The Tooth Labs

Best supplements for teeth and gums (2026): an evidence-cited ranking

No supplement replaces brushing, flossing, or professional cleaning, and none is proven to cure gum disease. An honest, source-cited ranking of oral probiotics, vitamin C and D, xylitol, and CoQ10 for oral health.

Evidence-cited · 5 sources By The Tooth Labs Reviews Team Updated June 14, 2026 6 min read

Our top picks at a glance

ProvaDent bottle 1
Best overall

ProvaDent

★★★★★ ★★★★★ 4.3

The oral-health supplement we'd try first, if we were going to try one.

60-day money-back guarantee
ProDentim bottle 2
Runner-up

ProDentim

★★★★★ ★★★★★ 3.9

The best-known oral-probiotic chewable, and a reasonable second choice if you prefer a lozenge.

60-day money-back guarantee

Rankings reflect formulation, value, and refund policy, not a proven cure. No supplement is proven to cure gum disease or regrow bone. Some links are affiliate links; we may earn a commission at no cost to you.

If you are looking for the best supplement for your teeth and gums, the honest starting point is that no pill replaces brushing, flossing, and professional cleaning, and no oral-health supplement has been proven in an independent trial to cure or reverse gum disease.
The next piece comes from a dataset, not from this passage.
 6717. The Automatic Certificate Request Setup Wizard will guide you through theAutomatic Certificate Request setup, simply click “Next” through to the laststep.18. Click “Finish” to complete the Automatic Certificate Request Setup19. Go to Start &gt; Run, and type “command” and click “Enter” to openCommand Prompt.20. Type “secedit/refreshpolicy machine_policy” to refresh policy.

What the evidence does support is narrower and more useful: correcting a real deficiency, and using a few ingredients as modest add-ons to good daily care.

The short answer

There is no single best supplement for teeth and gums. Ranked by evidence, the strongest case is for fixing a genuine vitamin C deficiency, which causes bleeding gums regardless of how well you brush, according to the NCBI StatPearls review on vitamin C deficiency. After that, oral probiotics show a modest, short-term benefit for plaque and gum bleeding when added to professional care, and xylitol has the most data for cavity bacteria but at low certainty. Everything else is weaker. None of these is a treatment for gum disease on its own, a point the NIDCR and the American Dental Association both make clear.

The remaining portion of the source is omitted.